In Ludanien dreht sich alles um den Spieltrieb. Daher verdient dieser auch eine intensivere Betrachtung. Es soll Erwachsene geben, die ihren kindlichen Spieltrieb verdrängen oder vielleicht sogar tatsächlich verloren haben, wie mancher behauptet. Der Mensch ist von Natur her ein homo ludens, ein spielender Mensch. Zu Spielen ist daher ein Grundbedürfnis des Menschen. Den Spieltrieb zu verdrängen ist also meiner Meinung nach ein Verleugnen der eigenen Natur und psychologisch schädlich. 
Ich gehöre bestimmt nicht zu jenen, die ihren Spieltrieb unterdrücken. Mein kindlicher Spieltrieb existiert bis heute kontinuierlich weiter. Freilich haben sich die Spielinteressen etwas verlagert, auch fehlt die Zeit, aber ich kann keinen Bruch ausmachen. Ich glaube, allgemein in meiner Generation festzustellen, dass der Spieltrieb viel eher ins Erwachsenendasein mitgenommen wird als das früher der Fall war. Ich bin sicher etwas extrem: Ich habe noch mit 18 Jahren Fußball-Weltmeisterschaften und Qualifikationen mithilfe eines komplizierten Würfelsystems ermittelt (wie?), beim "Autos-Schießen" mit meinem kleinen Sohn Daniel führe ich eine Punkte-Liste, wobei jedem Auto ein Land beigeordnet ist und 12 Rennen eine Meisterschaft darstellen... Mit meiner Lebensgefährtin Katja spiele ich beinahe täglich Karten- und Brettspiele, wir laden auch häufig Freunde zum Spielen ein. 
Spielen ist aber nicht nur Konsum. Ich erfreue mich auch am kreativen Prozess, eigene Hausregeln zu entwerfen, Spiele zu verändern und eigene Spiele zu entwickeln. Ich habe schon für mehr als ein Computerspiel Szenarien und "Mods" (Modifikationen) entworfen, hier präsentiere ich nur meine Arbeiten zu Sid Meier's Civilization III. Ich habe auch schon versucht, eigene Brettspiele zu entwerfen, das ist jedoch sehr kompliziert und die meisten Ansätze waren erfolglos. Ein Spiel mit Namen "Teotlatolli - Der Rat der Götter" habe ich entwickelt und versucht, einen Verlag zu finden, leider erfolglos. Daher habe ich mich dazu entschlossen, das Spiel gratis hier zur Verfügung zu stellen. Alles, was man tun muss, um es zu bekommen, ist sich hier zu registrieren. Momentan bastle ich gerade am Konzept eines Spiels, in dem ein Vandalenstamm Roma ausplündert, Katja designt fleißig ein Spiel über Tutenchamun.
Auch das Basteln dieser Homepage ist meiner Meinung nach als Spiel zu bewerten, ebenso wie viele andere Hobbies, z.B. Sammeln von Dingen (dem bin ich jedoch abhold) oder auch Sport. 

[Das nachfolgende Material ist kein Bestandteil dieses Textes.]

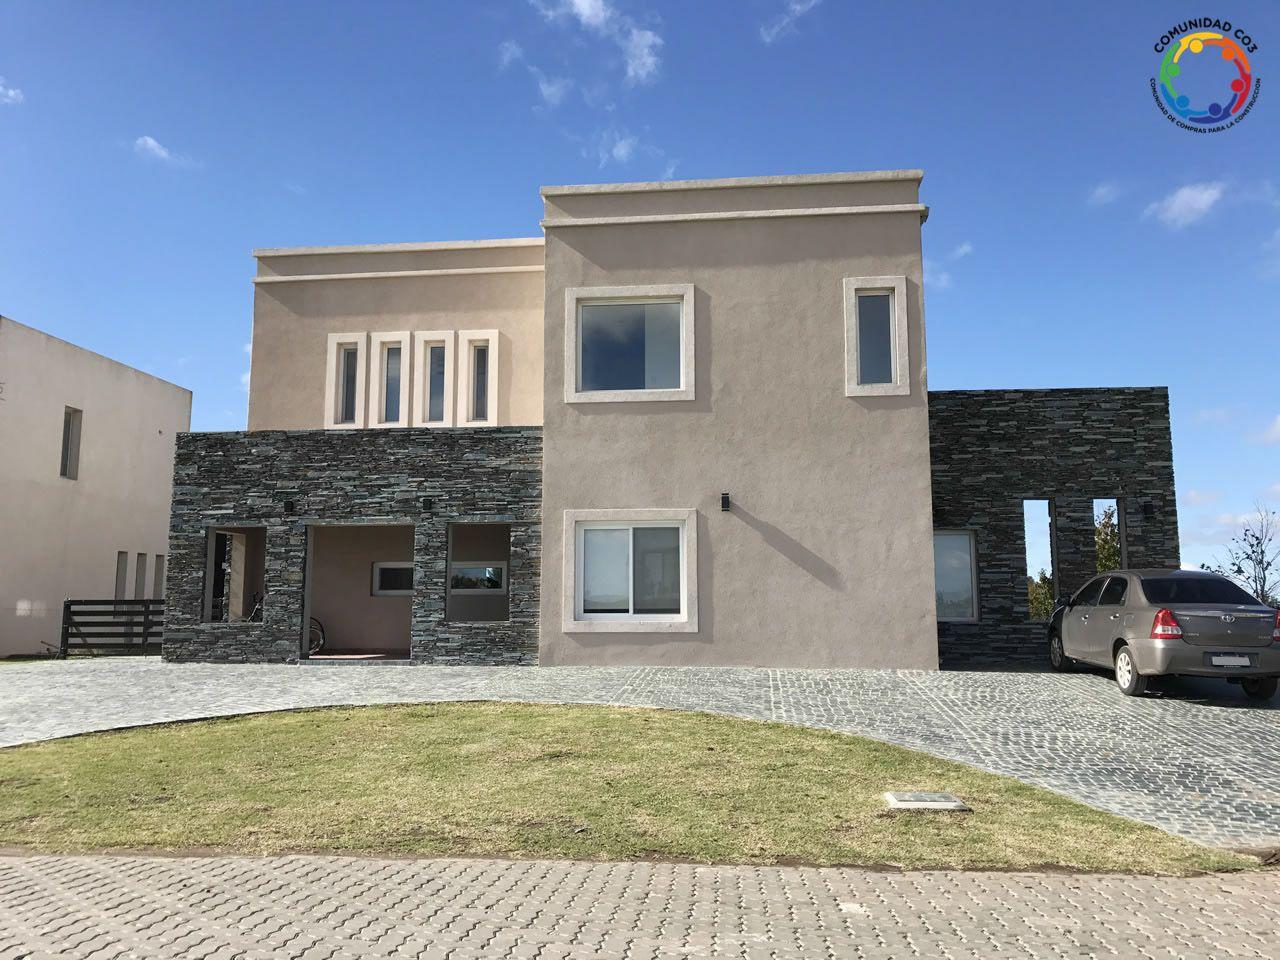 Casas piedras modernas casas modernas home house for Casas modernas nordelta

Ich halte Spielen für äußerst gesund und nutzbringend. Erstens macht es einfach Freude (homo ludens), außerdem fördert es Kreativität und Problemlösungskompetenz, da man stets auf neue Situationen gemäß der dem Spiel eigenen Regeln begegnen und sie zum eigenen Vorteil nutzen muss.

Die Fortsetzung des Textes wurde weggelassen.